As 5G mobile and internet technologies develop, requirements for human-machine interaction are growing. Regarding personalized, convenient, rapid, and user-friendly operation, neither keyboard nor touchscreen is comparable to voice control. Voice is the most natural and convenient way for people to communicate and get information. The control over home devices has developed from ordinary button remote control to Bluetooth voice remote control and then to intelligent voice control that supports sound pick-up. The voice technology will liberate human eyes and hands and become the best human-machine interactive mode for a variety of service business scenarios.
Through smart speakers, users can check real-time traffic conditions. Before going out, they can inquire traffic and road information by voice to find out the conditions of the road they are going to pass. Through smart home control panels, users can also check real-time weather conditions, so that they can know information about temperature, wind, and rainfall probability of the day through voice query before going out. They can quickly and easily make video calls with their families through the far-field AI set-top boxes (STBs). Just say "video call and the name of the called person" to the STB, and the STB will turn on the TV, call out the video call client, select the called number in the phone book, and make a video call.
HD Video and Audio Entertainment
If users want to watch Jackie Chan's movies, they only need to say "Jackie Chan's movies" to the far-field AI STB, and then they can quickly search the list of "movies starring Jackie Chan" for them to choose from.

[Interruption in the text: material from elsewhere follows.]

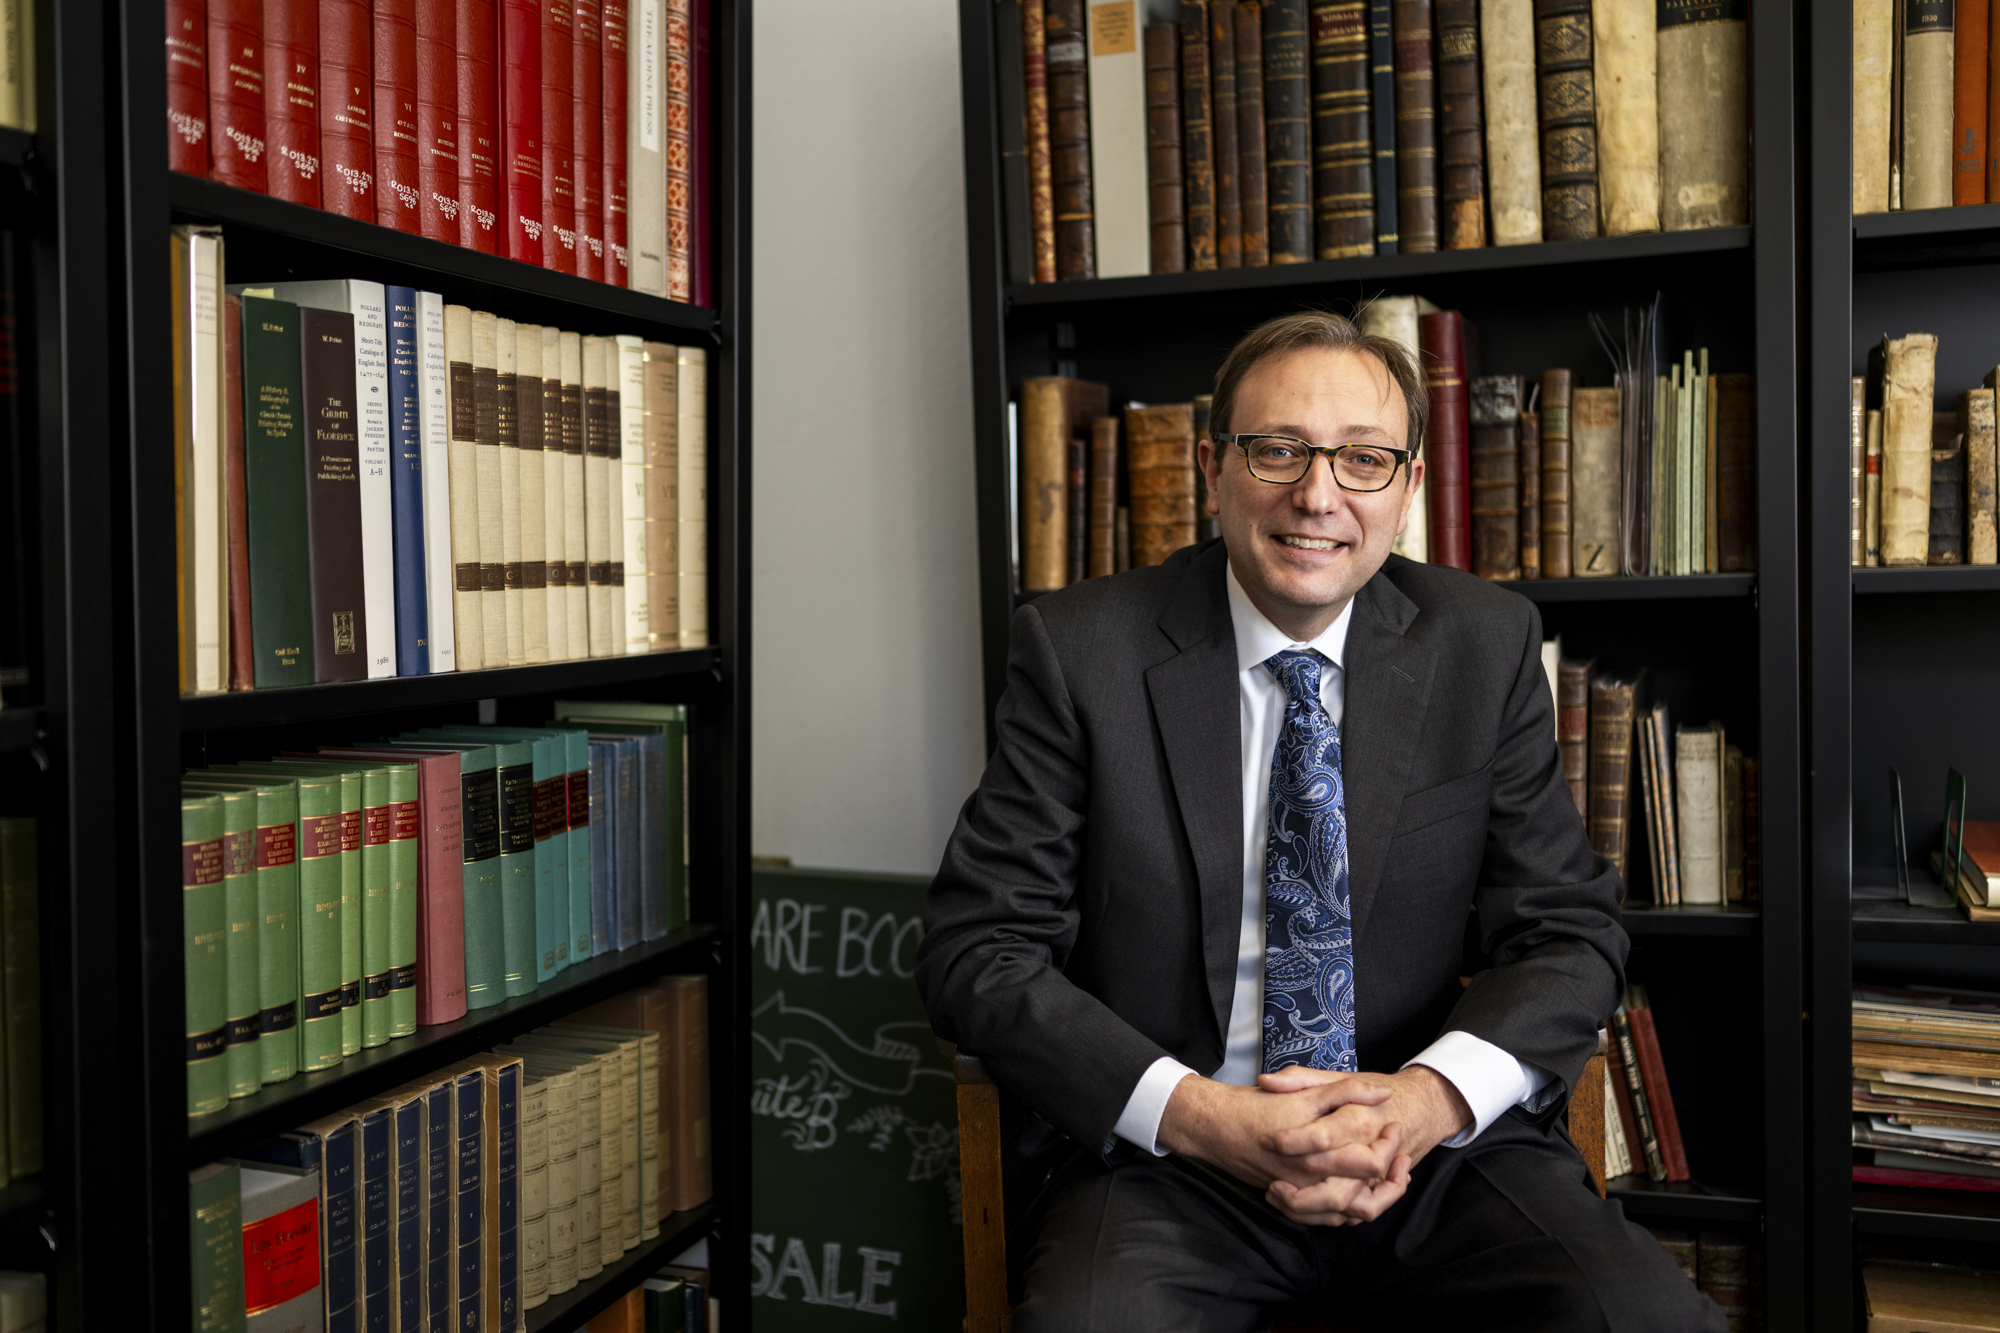 Person in suit with glasses smiles and sits in front of full bookshelves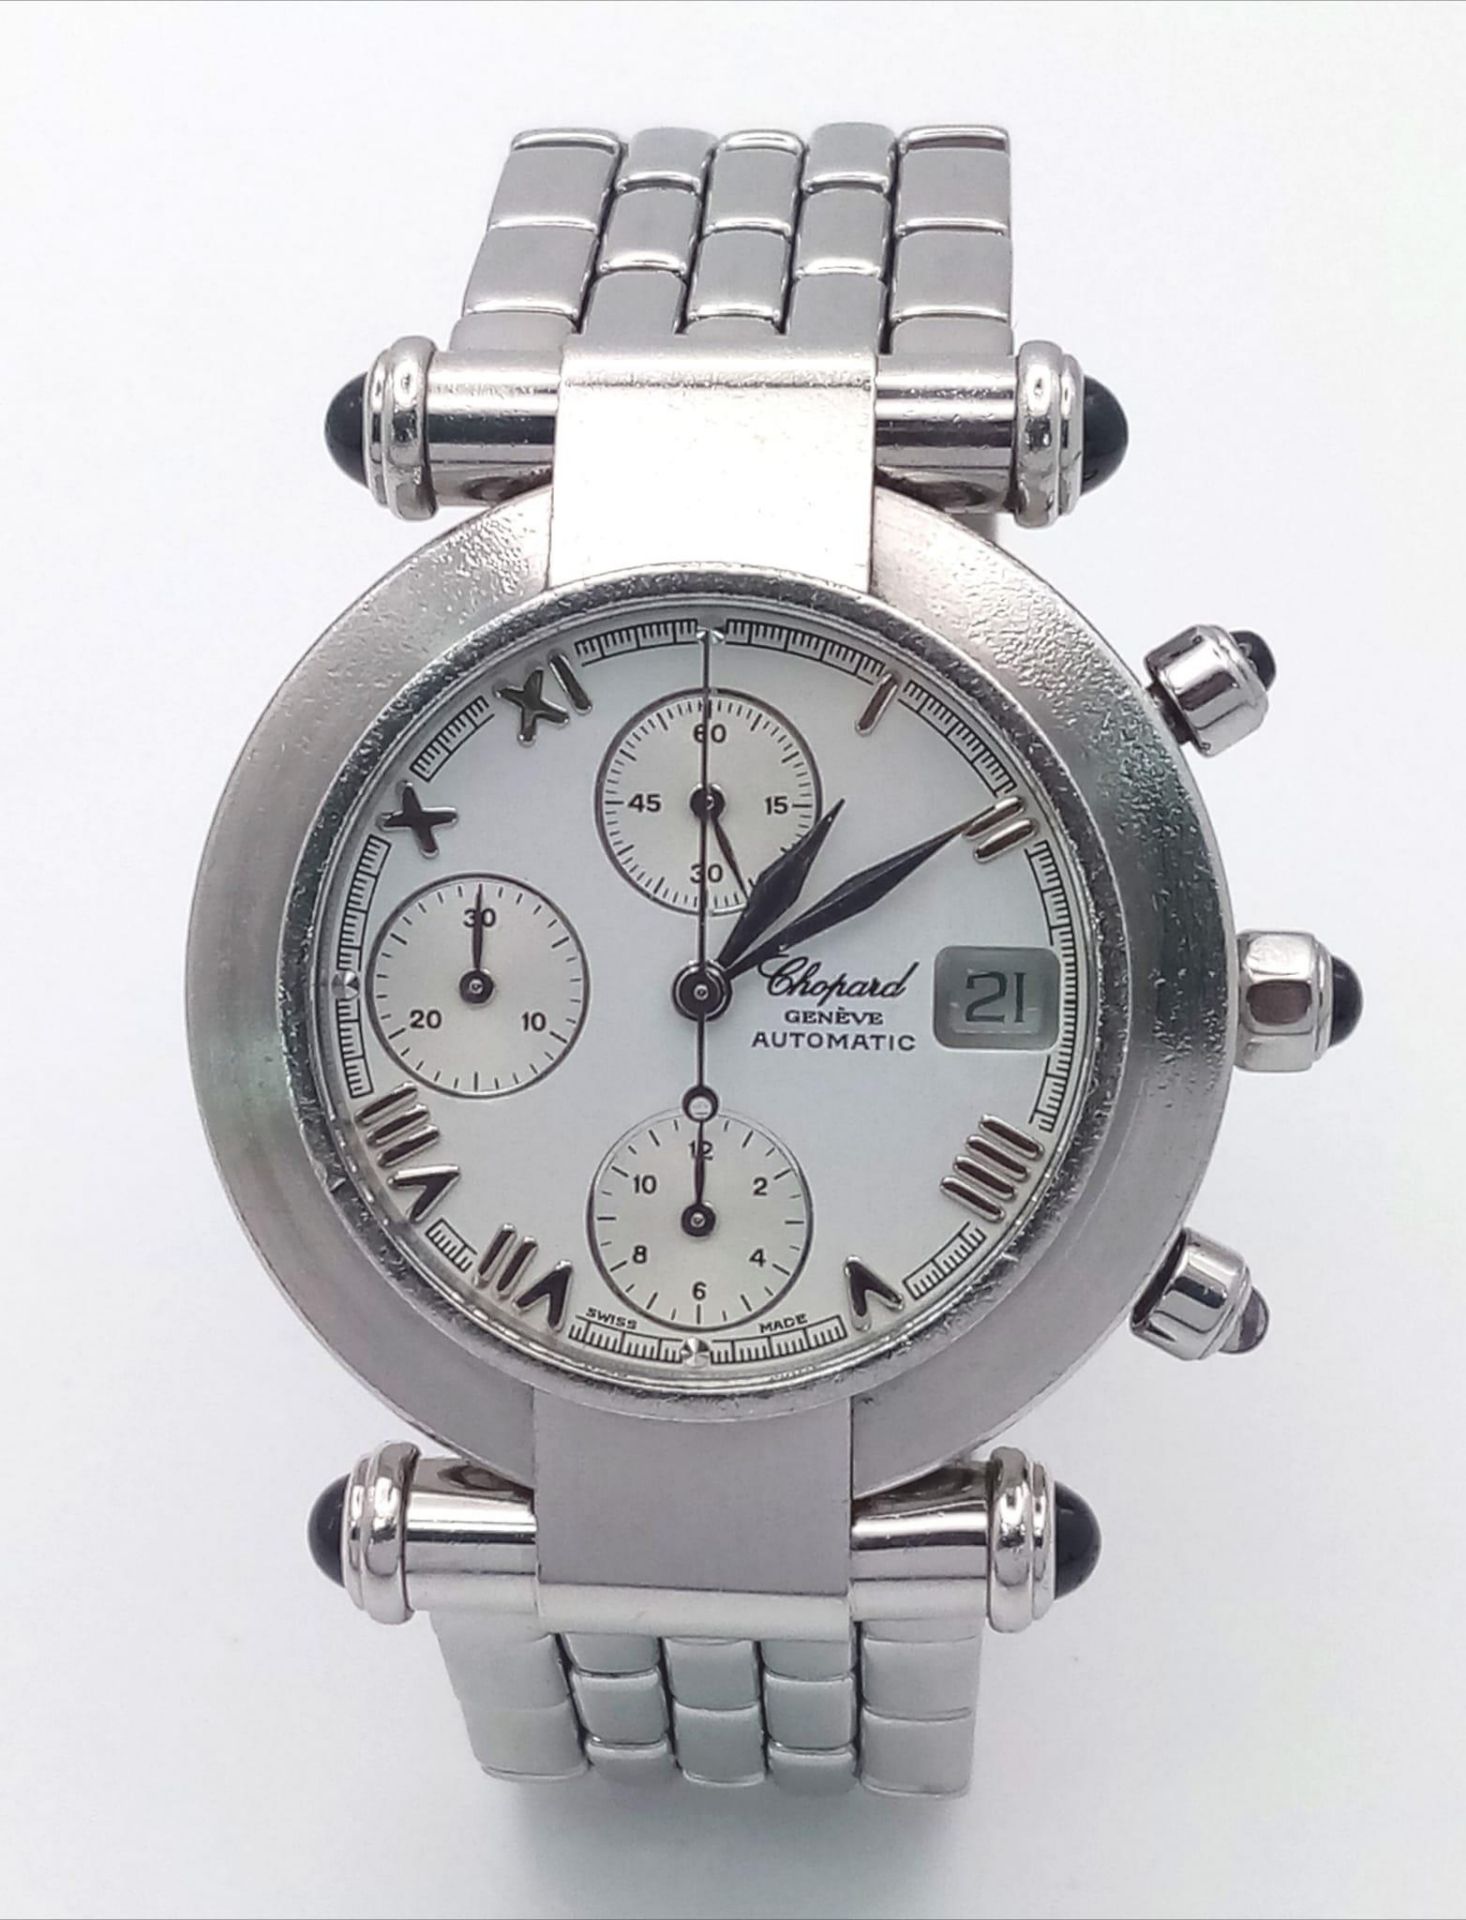 A Chopard Automatic Chronograph Gents Watch. Stainless steel bracelet and case - 37mm. White dial

If they want to switch TV channels, they can just say the name of the channel. If they want to watch a program they missed before, it is easy to do it now. For example, if they miss CCTV News on July 20, they just say, "I want to watch CCTV News on July 20".
If users want to get up early to catch the train, they just say "set the alarm clock at 7 o'clock in the morning", and the smart voice alarm clock at the bedside can turn on the alarm clock at 7 o'clock the next day. Users can also set multiple reminders, such as the date of paying water, electricity and gas bills and the date of repayment of credit cards.
Smart Home Control
Users can use the voice control panel to control TV and smart home devices such as lights and curtains in time by voice, or set the time or conditions to enable these devices by voice.
To implement these applications in 5G smart home scenarios, the AI voice recognition technology must support key technologies such as far-field sound pick-up, instant-on, multi-turn dialogue interaction, and voiceprint recognition.
Far-Field Sound Pick-Up
Far-field sound pick-up adopts a microphone array that contains several microphones operating in tandem and used to sample and process spatial features of the sound field. The purpose of using the microphone array instead of a single microphone is to ensure voice commands can be properly received when the user is far away from the smart voice terminal.
The microphone array is always in the sound pick-up state when it starts to work. It continuously samples and quantifies sound signals, and processes the basic signals. After the collected voice signals are processed by a more complex voice signal algorithm, clean voice signals are obtained and transmitted to the remote voice cloud platform for a real voice interaction.
There are linear, circular, and spherical microphone arrays. A circular or linear microphone array is usually used. At present, the mainstream solution is 6-Mic array, and there are also 2-Mic and 4-Mic products. The microphone array matches front-end sound processing technologies such as beamforming, noise suppression, echo cancellation, reverberation cancellation, automatic gain, and sound source localization.
The wake-up module is a small voice recognition engine. As wake-up words are a single target recognition, only small acoustic and language models are required, which occupy little algorithm space and can be locally implemented. The wake-up words usually contain three to five Chinese characters. It is recommended to choose the words that are not commonly used and have open accents and many syllables.
Multi-Turn Dialogue Interaction
Continuous interaction means that a user can trigger the intelligent voice by saying wake-up words and interact with it for many times without saying the wake-up words any more. If the voice interaction exceeds the specified time, the user needs to say the wake-up words again.
The user's input goes through the natural language understanding (NLU) module and enters the dialogue management system that identifies the current dialogue state and determines the next dialogue action. The next dialogue action includes general model and domain model. The former deals with general interaction logic, while the latter deals with domain-specific interaction logic.
The security of home voice control is quite important in the voice interaction era. Voiceprint recognition falls into two categories: speaker identification and speaker verification. Voiceprint recognition in a home scenario is the process of identifying the speaker. First of all, it is necessary to model the speaker’s voiceprint, and then match the voiceprint features during the voice interaction to provide personalized service experience based on the speaker's role (Fig. 2).